Chemical information extraction is a research that extracts useful chemical knowledge in text and converts it into a database, which strongly relies on the unique standard chemical names. Nowadays, there are many chemical databases such as PubChem and SciFinder, which are designed to store chemical information including chemical names, chemical structures, molecular formulas and other relevant information. For these databases, it is still an ongoing work to extract chemical information from chemical papers to update the databases. If all the chemical substances are expressed by the systematic names, it is easy to generate other information. For example, we can nearly perfectly convert the systematic name to other representations such as Simplified Molecular-Input Line-Entry System (SMILES) [2] and International Chemical Identifier (InCHI) [3] and then generate the structural formulas. Some online systems are already well developed for converting automatically systematic names to SMILES string with a very high precision such as Open Parser for Systematic IUPAC Nomenclature (OPSIN) [4] developed by University of Cambridge111Its precision reaches 99.8%.. Unfortunately, nowadays a great number of the chemical substances are expressed by their non-systematic names in chemical papers, which increases significantly the difficulties for this task, so our work focuses on the standardization of non-systematic names. Examples of chemical information extraction are shown in Figure 1.

Figure 1: Examples of chemical information extraction (the parts in the same color means the same chemical constituent name)
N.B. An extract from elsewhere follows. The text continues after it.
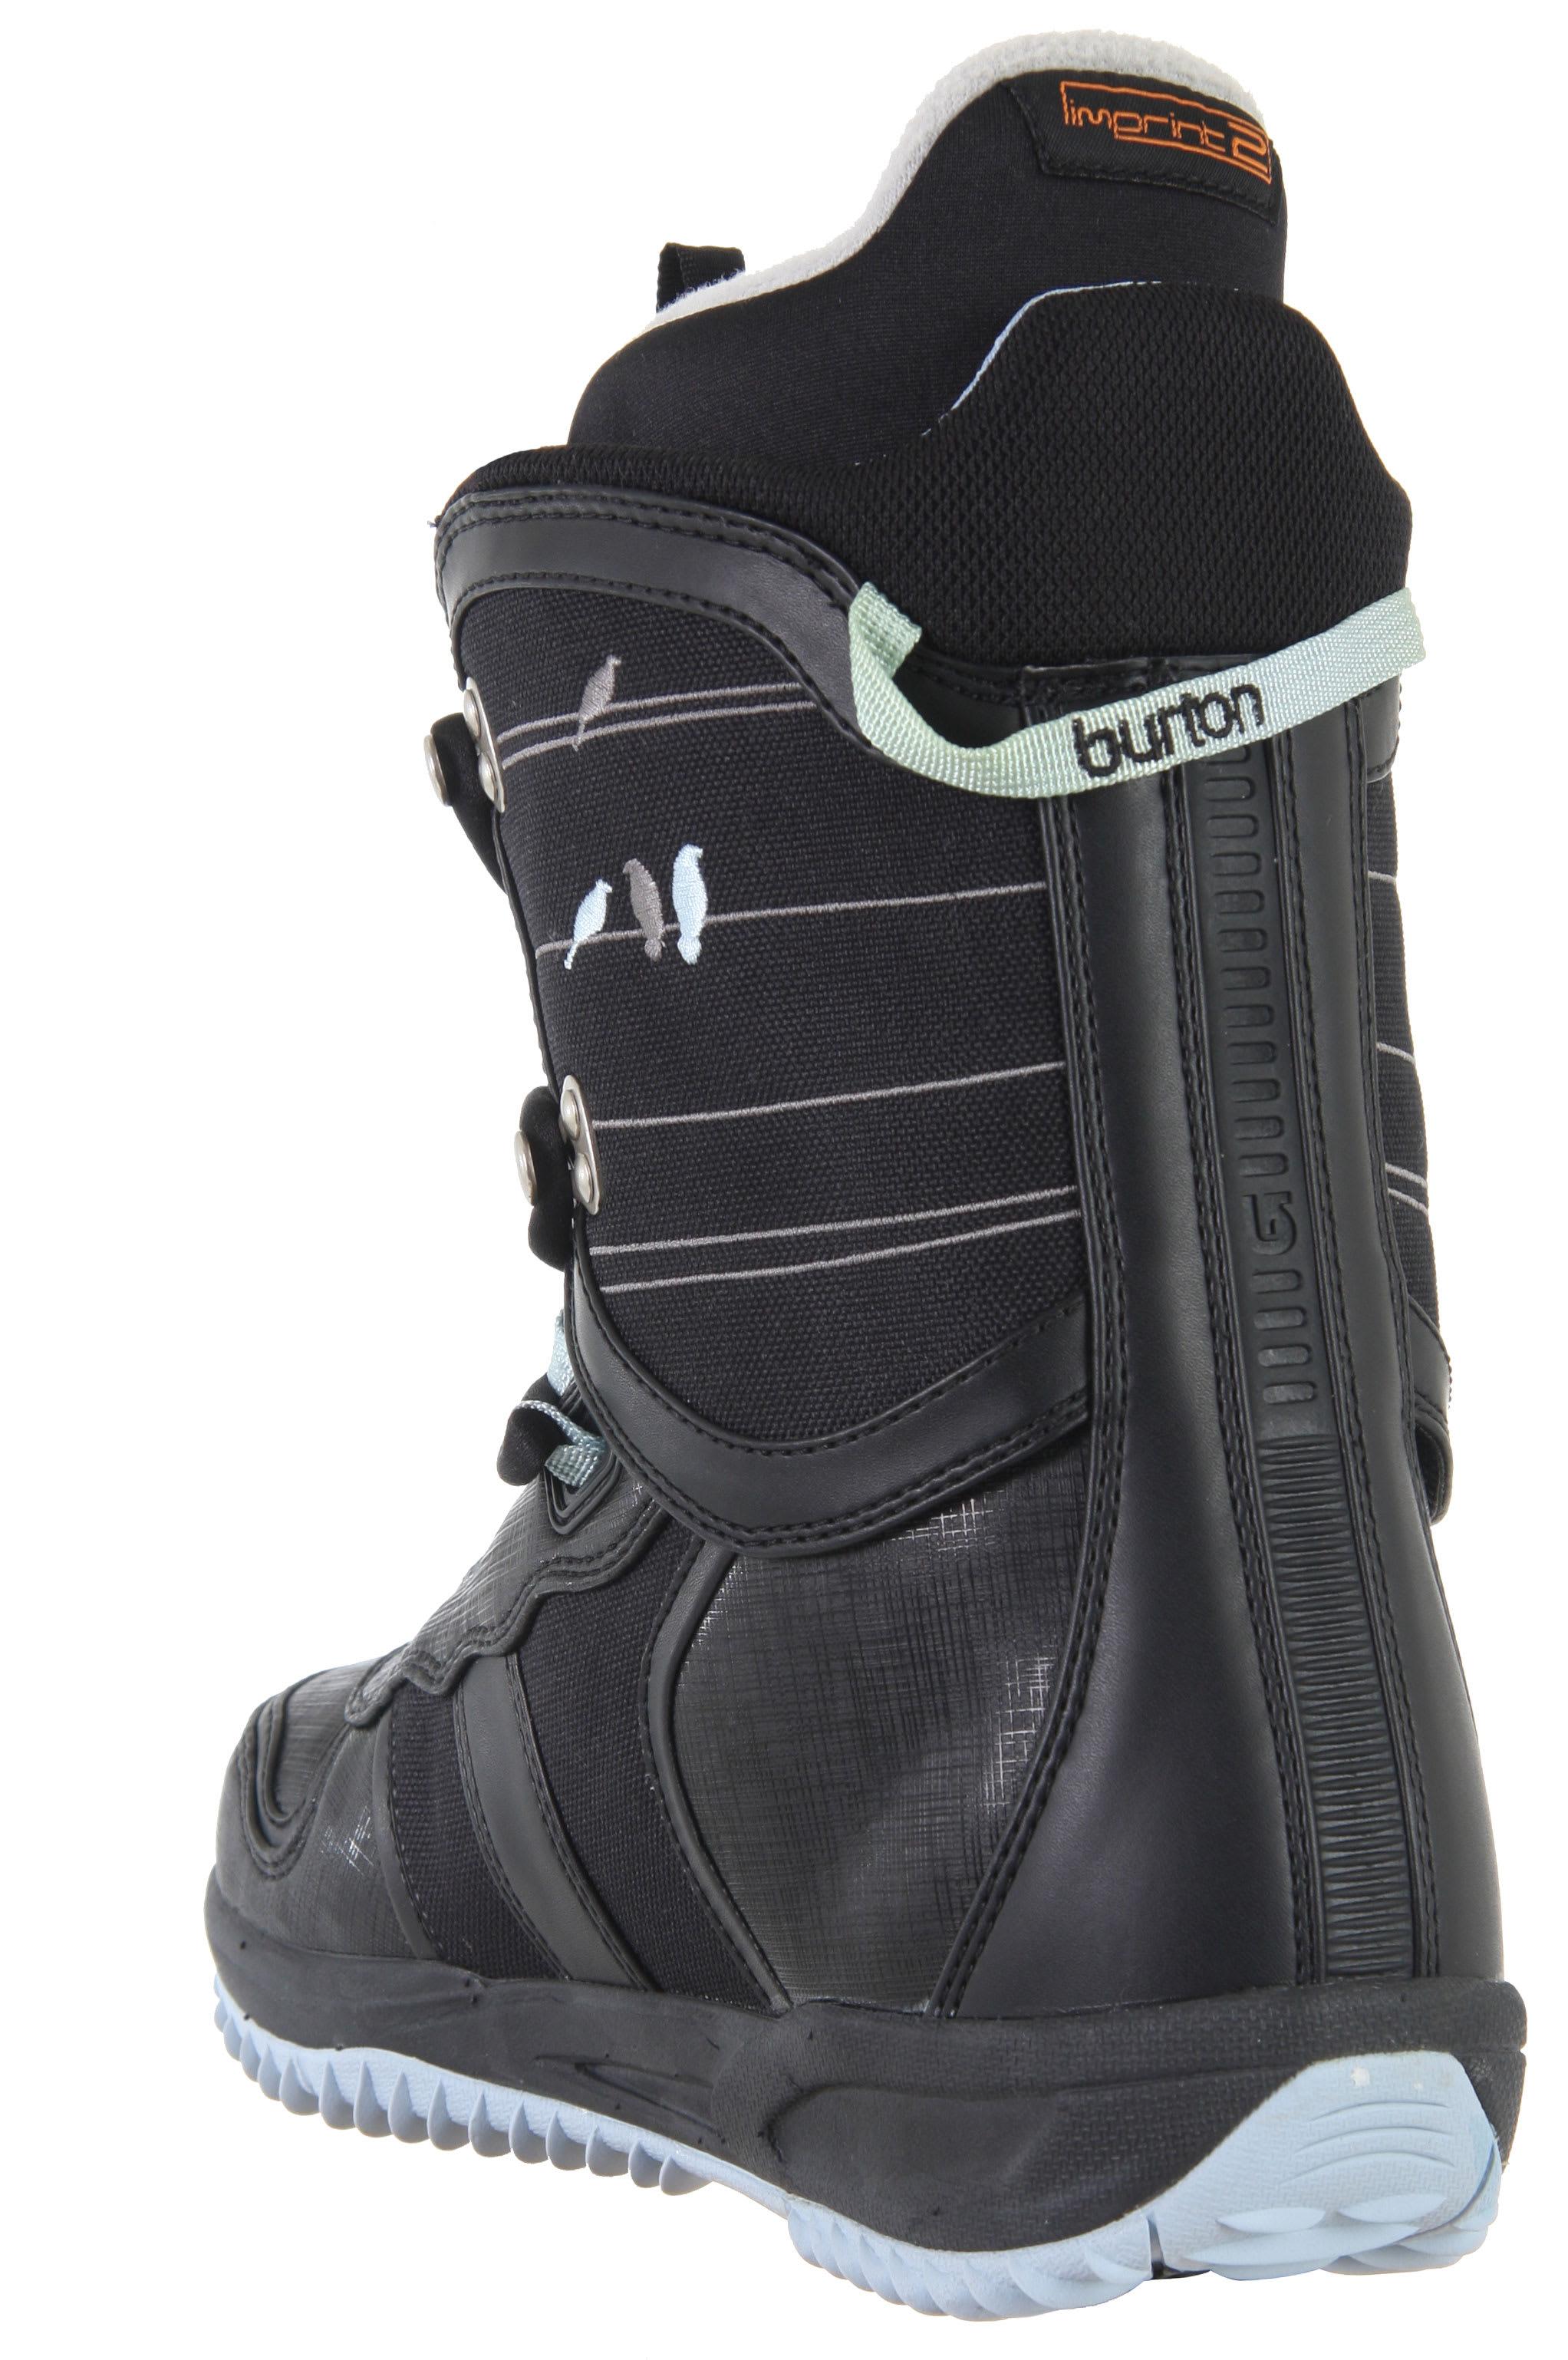 Ski Boots Sale >> Burton Lodi Snowboard Boots - Womens

In the following passage, we consider the differences between non-systematic names and systematic names as "error"222It does not mean that non-systematic names are wrong. It is just an expression for the differences.

. In view of natural language processing, the error types of non-systematic names can be summarized by four types: 1.

Spelling error. It means that non-systematic names just have slightly differences from systematic names in spelling; 2. Ordering error. It means that the groups in a non-systematic name are in wrong order; 3. Common name error. As mentioned above, many chemical substances have common names or proprietary names which look totally different from their systematic names; 4. Synonym error. It means that the words in the non-systematic names are different from those in the systematic names but they share the same root of word. In fact, it is the error type which happens most often. For example, 2-(Acetyloxy)benzoic Acid has synonyms Acetylsalicylic Acid and Acetysal and these three words share the same root of word "Acety". Some examples of different types of errors are shown in Table 1. What is worth mentioning is that several types of error can appear at the same time in a single non-systematic name, especially for the ordering error and synonym error. The mixed types of error make this task very challenging.

Error type Non-systematic name Systematic name
Spelling error benzoil chloride benzoyl chloride
1,3-benzoxazoole 1,3-benzoxazole
Ordering error benzene, 1,4-dibromo-2-methyl 1,4-dibromo-2-methylbenzene
4-pyrimidinecarbaldehyde pyrimidine-4-carbaldehyde
Common name error adenine 9H-purin-6-amine
Aspirin 2-Acetoxybenzoic acid
Synonym error sodium butoxide sodium;butan-1-olate
2-ethylfuroate ethyl furan-2-carboxylate
Mixed of synonym error 2-hydroxy-8-iodonaphthalene 8-iodonaphthalen-2-ol
and ordering error 3-amino-1,2-benzisoxazole 1,2-benzoxazol-3-amine
Table 1: Examples of different types of error

Based on these four error types, we propose a framework to convert automatically the non-systematic names to systematic names. Our framework is structured as followed: 1. Spelling error correction. It aims to correct the spelling errors; 2. Byte pair encoding (BPE) tokenization. It aims to split a name into small parts; 3. Sequence to sequence model. It aims to fix all the remaining ordering errors, common name errors and synonym errors.

Actually, due to its great challenge, few work has been done on the chemical name standardization. To our best knowledge, [5] is the only work deserving a citation which developed an online system ChemHits to do the standardization basing on several transformation rules and the queries to online chemical databases. The work of [5] severely depends on chemical knowledge, limiting its application potential and effectiveness to some extent.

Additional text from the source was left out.